Many-to-one: only the last step speaks

The call out, _ = self.lstm(x, (h_0, c_0)) returns 28 hidden states, one for each row, and for classification the line that matters is the very next one, out = out[:, -1, :], which keeps the final timestep and drops the other 27. The state at t=27 has by construction integrated every earlier row into it, so the intermediate states would only matter if you were predicting at every step, the way you would for character-by-character language modeling or frame-by-frame tagging.

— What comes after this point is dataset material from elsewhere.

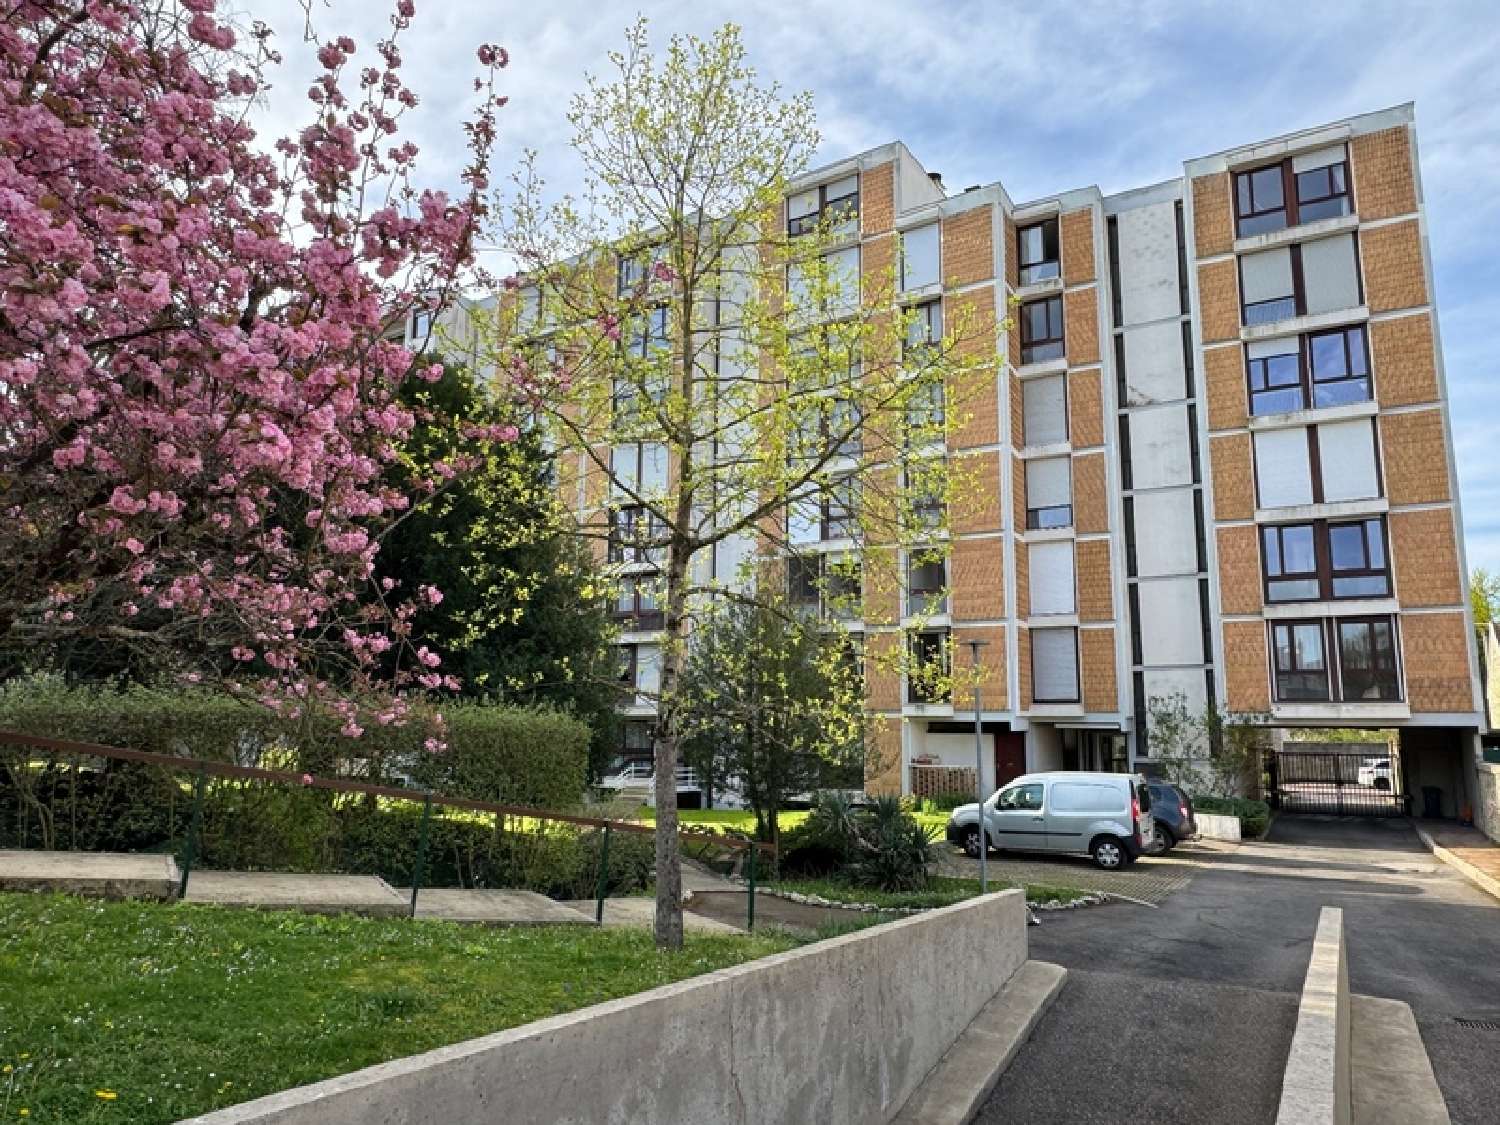  à vendre appartement Saint-Dizier Haute-Marne 1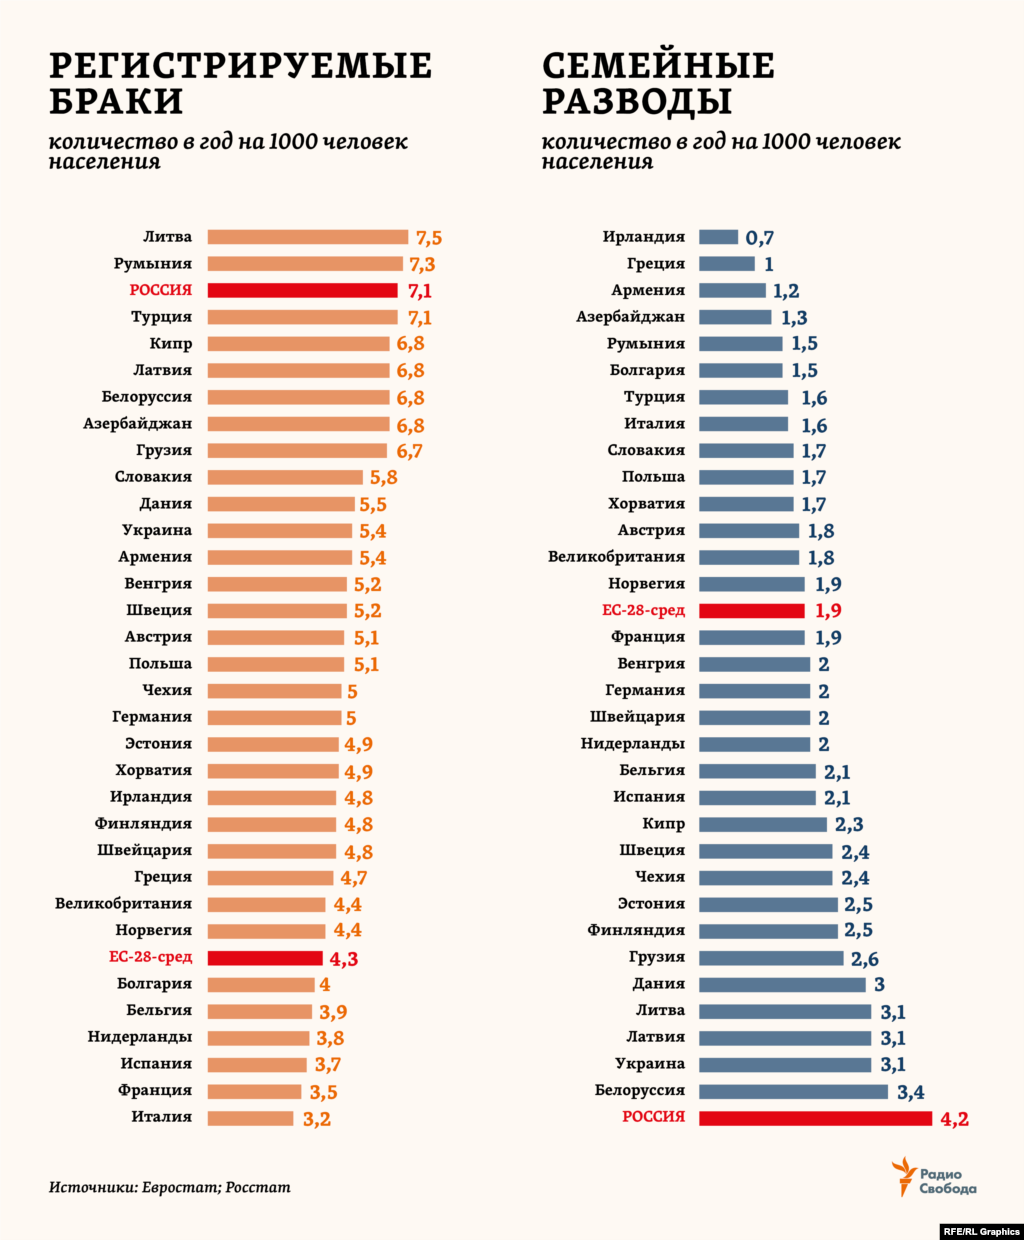 Самый большой перевес женского населения над мужским (+24,5 млн) &ndash; в Европе (ООН включает также в этот регион Россию, Украину, Белоруссию и Молдавию). Здесь за последние полвека количество регистрируемых браков сократилось почти 2 раза, а количество разводов, наоборот, возросло в 2,5 раза. В России, где, наоборот, на каждую тысячу мужчин приходится 1156 женщин (оценки Росстата за 2018 год), &ndash; один из самых высоких показателей по количеству браков. Но при этом и самый высокий, с большим отрывом от других стран региона, &ndash; по разводам.

The _ in that unpack is the (h_n, c_n) tuple, the final hidden and cell states across all the layers, and for a unidirectional LSTM with batch_first=True the vectors out[:, -1, :] and h_n[-1] are literally the same thing. The code reaches for the output tensor rather than the discarded hidden state, which is the convention even if it is very slightly wasteful, and it is worth knowing both paths exist.

batch_first is worth the argument

The default for nn.LSTM is batch_first=False, the sequence-first layout (seq_len, batch, feature), while every other PyTorch layer expects batch-first, which makes the default a historical wart and nothing more. Setting batch_first=True on the layer and reshaping the input to match with images.reshape(-1, sequence_length, input_size) is two lines of consistency you have to remember to keep aligned, and the unpleasant part is what happens when you forget one of them, because the model still trains, just on garbage axes, with no traceback to tell you anything is wrong. You find out from a loss curve that never moves. The other quiet choice is num_layers=2, which stacks two LSTM cells with the output of the first feeding the input of the second, and the num_layers dimension in h_0 and c_0 is what plumbs the initialization through to both of them. Deeper recurrent stacks are not free, since they amplify the very vanishing-gradient problem the LSTM gates are already fighting, but two layers is cheap enough to count as insurance.

What this file doesn’t cover

Some honest scope-setting is in order, given this is one video’s worth of code. It runs for two epochs, enough to confirm the loss decreases and nothing more, with no best-checkpoint logic and no test-time evaluation beyond a single accuracy print at the end. It is unidirectional, walking the rows top to bottom and stopping there, even though a digit is just as legible read upward and bidirectional=True is a one-flag change worth understanding next. It has no real sequence in it, because MNIST-as-sequence is a crutch and the actual point of recurrent nets is data whose ordering genuinely means something, text and audio and time series, none of which is in this file yet. There is no GRU comparison either, though the GRU is the smaller cousin of the LSTM with one gate fewer and often comparable results, and it is worth a head-to-head later. And there is no gradient clipping, the standard hygiene for recurrent training through torch.nn.utils.clip_grad_norm_, which the tutorial skips because at 28 timesteps and 2 epochs it simply never bites.

Takeaway

Recurrent nets feel deliberately backwards after a month of convolutions. A CNN sees the whole image at once and lets its filters discover the structure for themselves, whereas an LSTM walks across one slice at a time with the gates deciding what to carry forward, and the 28-row reshape is what bridges those two views of the same pixels. It is a useful warm-up and not a real application, and the real application is the next video.